Copyright law would consider the Internet Archive to be reproducing the
software every time someone clicks the link and their browser downloads it, so
this wouldn't apply.

------
runn1ng
Wow. I can actually play a .mov video in QuickTime player, in Windows 3.11,
emulated in Javascript/DOSBOX. And it actually works.

------
hartpuff
Can anyone tell me if the embedding works for them with Internet Archive stuff
like this?

It loads okay at the IA site, but when I use their embed code for this, and
the previous times I've tried with their DOS and Arcade games, the
games/programs load, but they don't load in the right position in the embed,
about 30% too far down, so are essentially unusable.

------
unknownzero
This is amazing, just played Desert Storm: The Air Campaign for a few minutes.
The collection of software here is such an important reminder that even
seemingly unimportant software has historical context and is worth preserving.
The Internet Archive is good people.

------
ultramancool
Wow, I'm very impressed, surprised this works so well. Any chance we can get
Exile 3: Ruined World added to this? Probably my favorite Windows 3.1 game and
the full version is now available for free from the developer.

[http://www.spiderwebsoftware.com/exile3/winexile3.html](http://www.spiderwebsoftware.com/exile3/winexile3.html)

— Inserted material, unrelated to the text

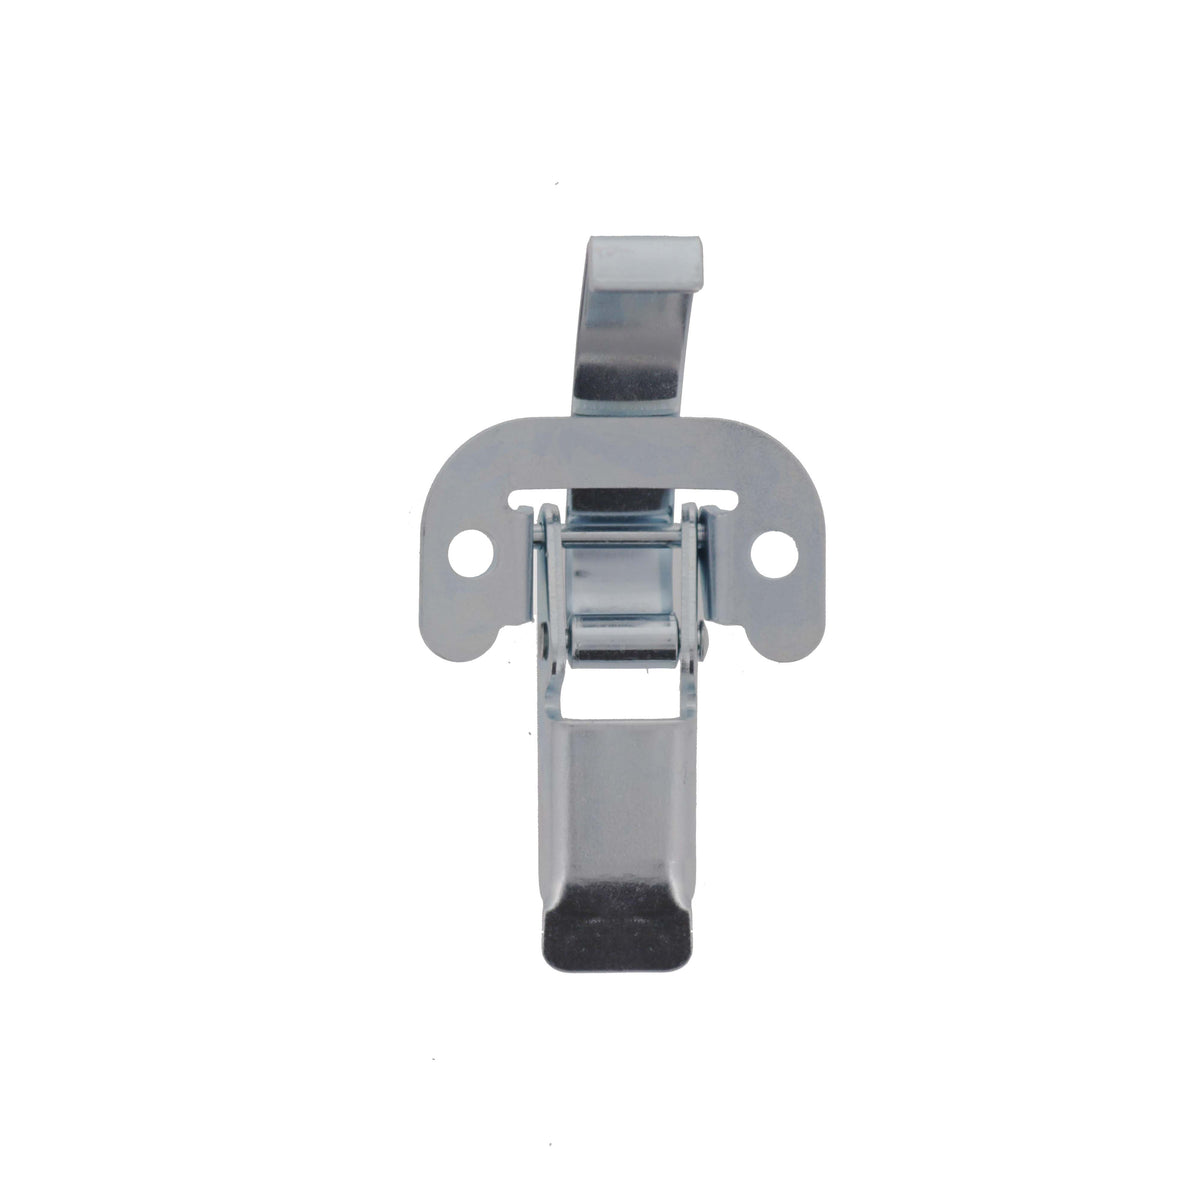 Lever Operated Drawlatch with curved mounting plate

Actually, if I can do it myself I'll look into it tonight, there's a few
titles I could upload like this if possible...

------
dspillett
Running in a similar manner, I was impressed when I stumbled across
[https://win95.ajf.me/](https://win95.ajf.me/) recently.

------
ratfacemcgee
too good for this world, too pure

------
bane
Oh yes, WinTrek, I spent many a relaxing afternoon hunting down Klingons.

------
stuaxo
Awesome, was able to play the tile game Taipei :)